In this post, we share why Persly chose LangGraph and LangSmith, how we designed a medical agent on top of them, and the lessons we learned from operating it in a real production environment.

Why We Built Persly

In clinical settings, the amount of time patients spend face-to-face with their physicians continues to decrease. At the same time, the volume of information patients are expected to understand keeps growing. This imbalance becomes even more pronounced for patients with serious or complex conditions.

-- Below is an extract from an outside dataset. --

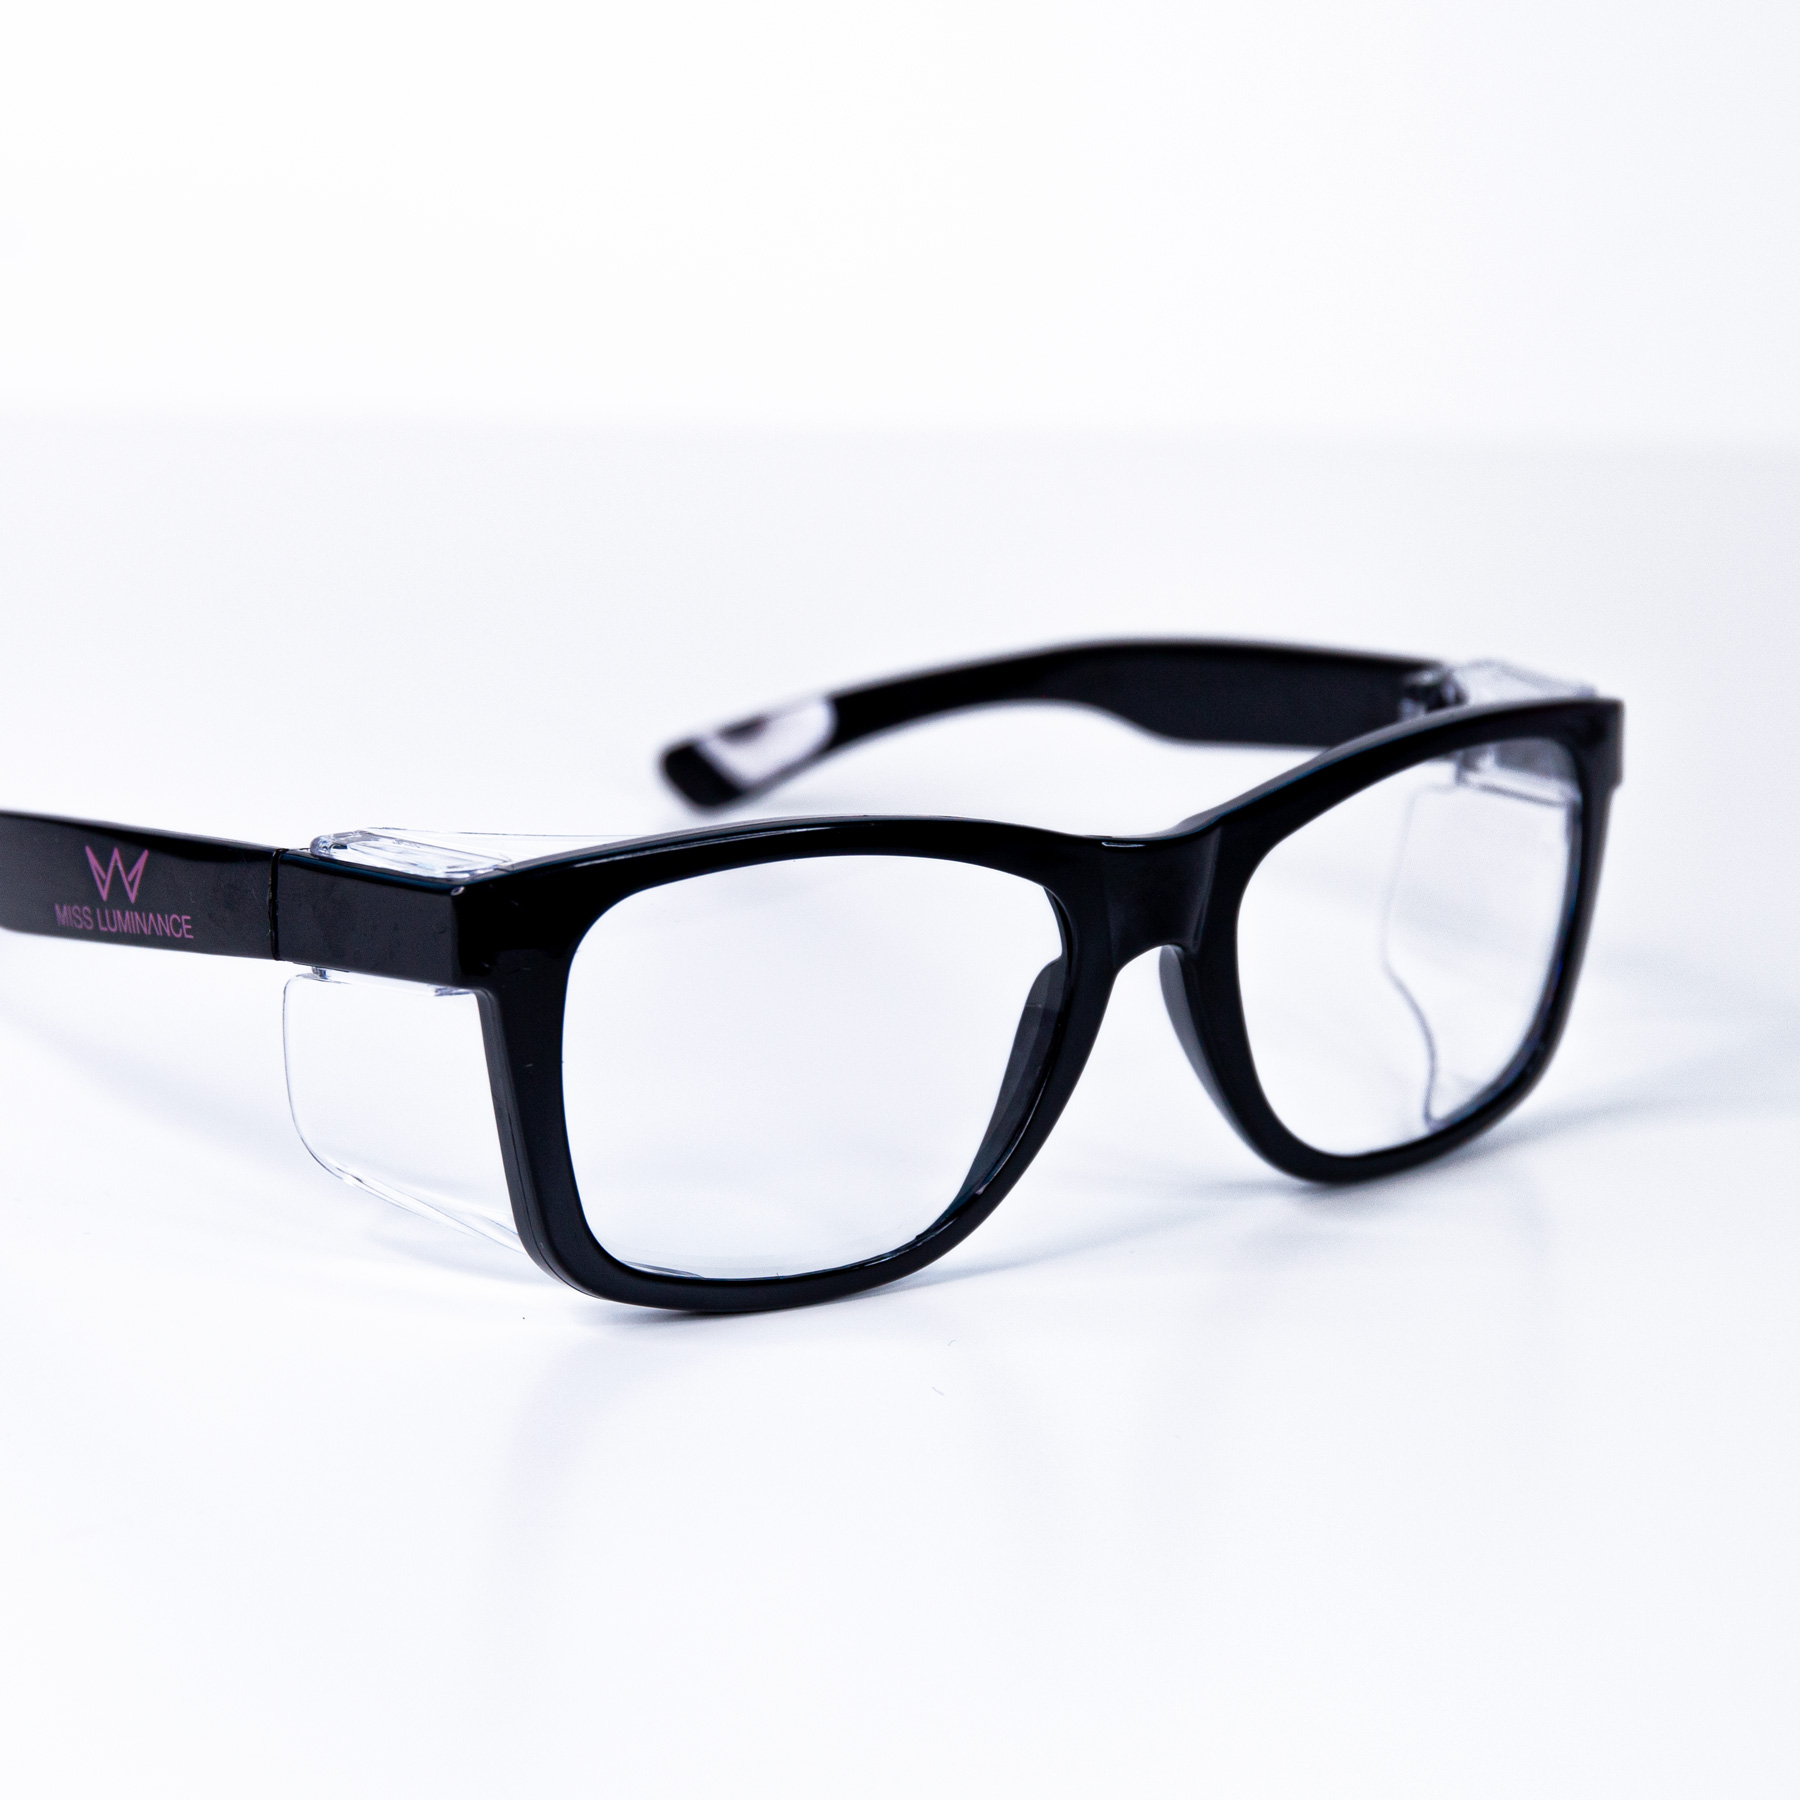 UV-Safety glasses

Within a short appointment, it is difficult to fully grasp the meaning of test results, available treatment options, potential side effects and prognosis, and what needs to be prepared for the next steps.

Many patients only realize their questions after leaving the exam room. There was not enough time to ask, and once they return home and start searching for answers, they are confronted with conflicting explanations and information from unclear or unreliable sources—often leading to even greater confusion.

Persly was born from this problem.

In a reality where time with doctors is shrinking while the amount of information seriously ill patients need is growing, we asked a simple but critical question: could there be a way to explain trustworthy medical information in a form patients can truly understand? That question marked the beginning of Persly's medical agent.

Hallucinations and Trust in Medical Answers

Large language models are powerful, but they have clear limitations in medical contexts. A model can almost always produce fluent, plausible-sounding text, yet plausibility does not equate to trustworthiness. In healthcare, even a small error or a missing piece of context can directly affect a patient's judgment and decisions.

The core issue is that this limitation is not simply a matter of model capability. Medical answers must take into account the questioner's condition, medical history, current context, and reliable evidence—all at the same time.

However, the more we attempt to force all of these factors into a single generation step, the more likely the model is to blend in unsourced general knowledge or produce information that drifts beyond the given context. This is the well-known problem of hallucination.

In medical AI, hallucinations are not merely a quality issue; they represent a safety-critical failure mode. "Mostly correct explanations" or "general cases" are not sufficient. The system must clearly distinguish, for the specific user—or patient—what can be said and what should not be said under their particular conditions.

For Persly, this led to a clear conclusion: relying on a single-step generation approach cannot simultaneously guarantee accuracy and trustworthiness in medical answers. As a result, Persly does not treat hallucination as a problem to be fixed after the fact, but as a core design challenge that must be prevented structurally.

How Does the Persly Agent Produce High-Trust Medical Answers?

Persly prioritizes safe, evidence-based answers far more than "fast responses." For that reason, it does not generate an answer in a single step, and only advanced agents that pass rigorous evaluation are deployed.

When Persly receives a question, the agent first redefines the problem. Instead of jumping straight to "what to say," it structures what the question is actually asking for. At this stage, the agent organizes the following:

Core requirements that must be included in the answer
Constraints derived from the user's condition or context
Safety-critical red flags
Missing information that cannot be inferred from the current question (open questions)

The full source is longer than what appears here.